What do you folks do with those warp lumber pieces that may be too challenging to obtain workable material from? It is highly questionable if it is worthwhile to flatten out or to cut up the pieces where it is still useful. What can you make with these odd end pieces beside a nice warm fire for the winter months?


----------



## Sawkerf (Dec 31, 2009)

Since warped boards are seldom evenly curved, it's often possible to "salvage" part of it by cutting off the straight part(s) and scraping the curve.

You can also use slightly "irregular" pieces in places where they'll be screwed, nailed, or glued to another piece. I've even used slightly curved boards for drawer fronts. I attach them from the inside of the drawer box with screws which sucks them down flat and straight.

But some of it is just expensive firewood. - lol


----------



## HalDougherty (Jul 15, 2009)

You can steam them and press them flat while they dry, but they will always have internal stresses and will not be stable. I just cut off any pieces that are usable and scrap the rest.


----------



## bondogaposis (Dec 18, 2011)

It depends how severely warped they are. Generally you can cut them into shorter pieces and joint and plane them into thinner boards. Some times you can suck a mildly warped board into being straight through joinery and a lot of clamps, that can be risky though as it may warp the whole project.


----------



## GaryK (Jun 25, 2007)

I'll usually glue up two opposing pieces into one thick piece and then use that. I always have a use for thick lumber.


----------



## marcosvillamontes (Jun 4, 2012)

warping means: cutting into two pieces (on the length) and install them one opposite of the other, or if it is in the width, cut into a little width and remold or just sand in rough side if it were a finished deck. Anyway, this is what we do with warped boards.

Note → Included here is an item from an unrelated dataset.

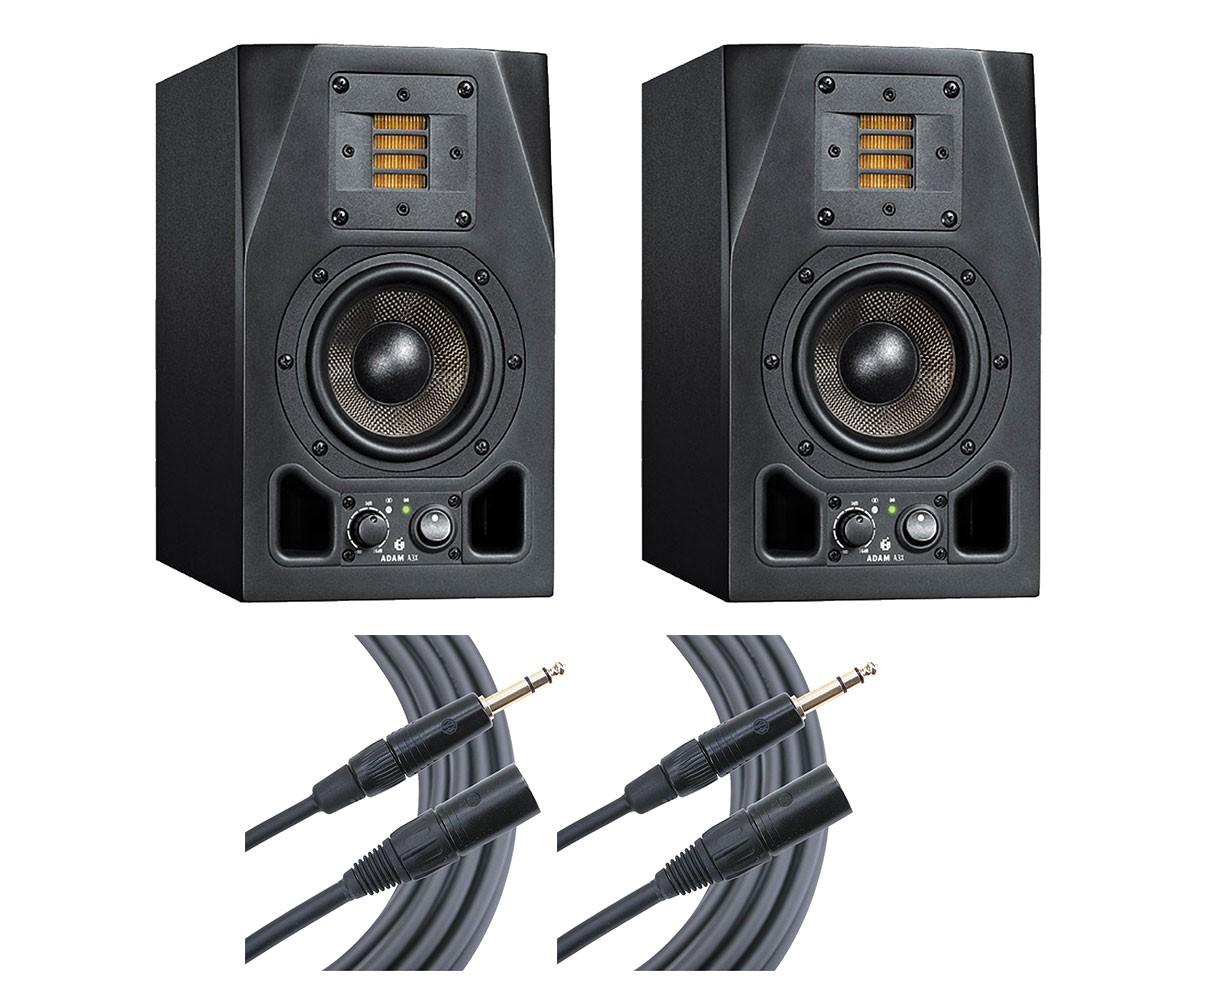 2x ADAM A3X + Mogami Cables
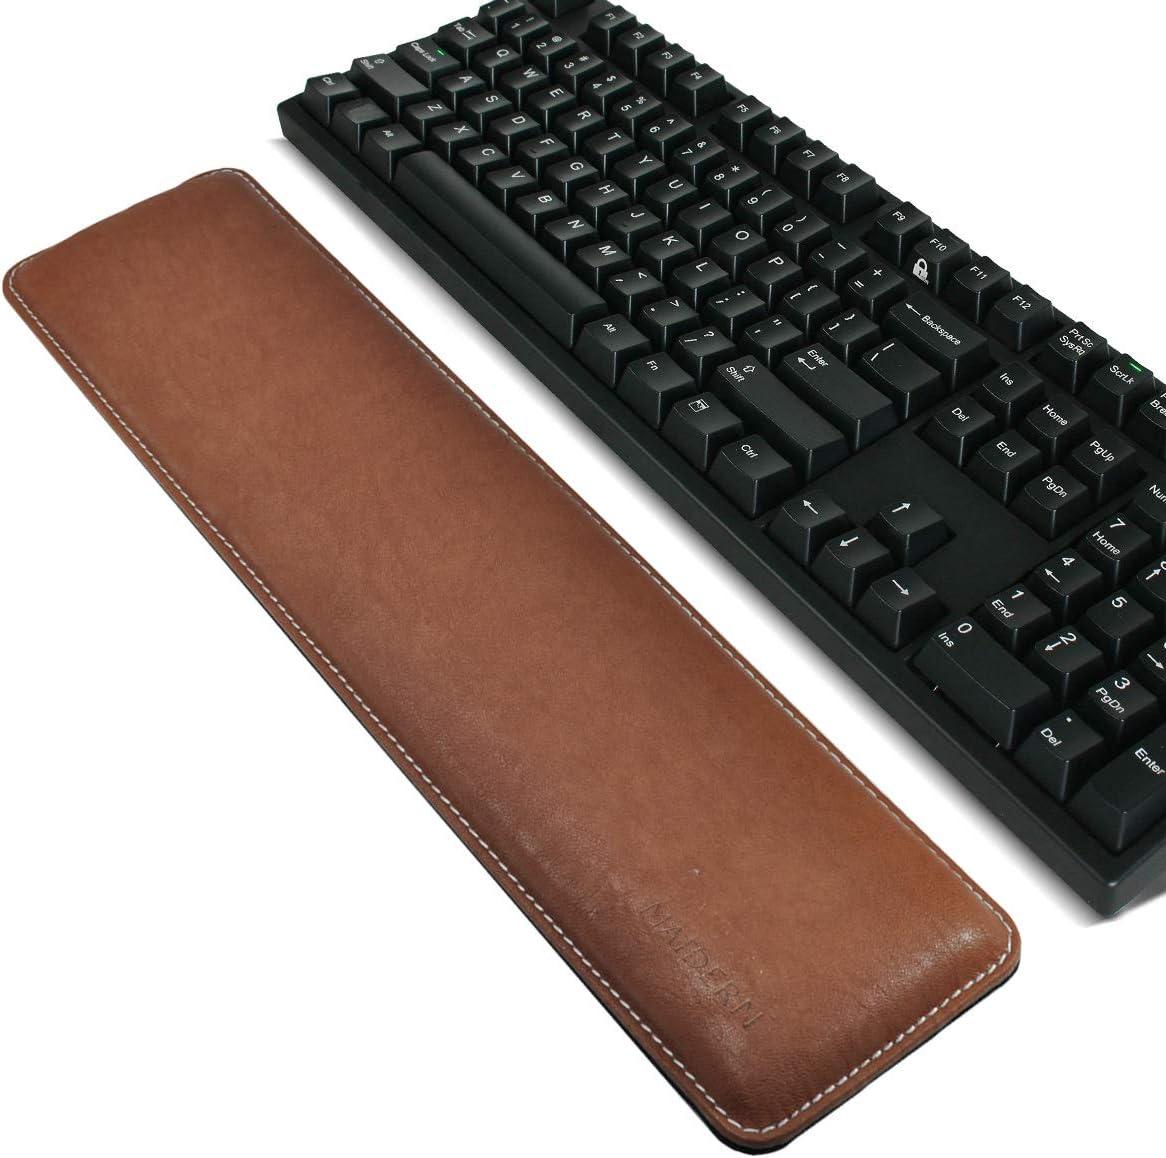 Reposamuñecas para Teclado, Ergonómico Cojín de Muñeca Apoyo con Espuma de para Ordenador/Notebook/Laptop, 41.5x9.5cm Cuero PU Marrón

There is also a tool designed for warped boards, it is called a BoWrench, see here for a picture (picture 3):
http://www.roquevalente.com/ipe_deck_installation_storage.htm

Warping by the way is due to poor drying, your supplier sold you wet boards (with a high moisture content) and then after due to its grains tensions arrise because of drying and then it starts to warp. What your supplier should have done is to have it dried and then cut or mold all the warpings and other defect out.


----------



## MonteCristo (May 29, 2012)

I turn stuff like that on my lathe.


----------



## OnlyJustME (Nov 22, 2011)

I ripped them down to 3/4×1/4 strips and made some wooden tomato cages with them. i'll post a pic tomorrow.


----------



## rance (Sep 30, 2009)

Pendants. Also glue them together to get larger pieces. No such thing as a piece too small that you can't use if for something.


----------



## nwbusa (Feb 21, 2012)

Kindling.


----------



## ssnvet (Jan 10, 2012)

If the warp is primarily at one end… cut it off and then see if you can use the jointer/TS/planer to get a smaller piece out of what's left….

If the stick is badly warped and looks like it will take to much work to salvage anyting useful…. into the firepalce it goes.


----------



## marcosvillamontes (Jun 4, 2012)

just throw it with the rest


----------



## TorqNut (Apr 29, 2012)

Turn it on the lathe or use it in making small curve projects - the last step is put it in the recylce bin for warmth during the cold months.

Hey, Marcos, will that "rest" pile ever get any smaller. )


----------



## hhhopks (Nov 22, 2011)

Somehow, I always end up with these short warp cutoffs where none of them can be used for anything. But on those rear occasions where a naturally curved piece is needed none can be found!

I guess you salvage what you can and call it good and move on with life. At lease we'll be roasting marshmallow and making smores this coming fall/winter. So it can't be all bad : )


----------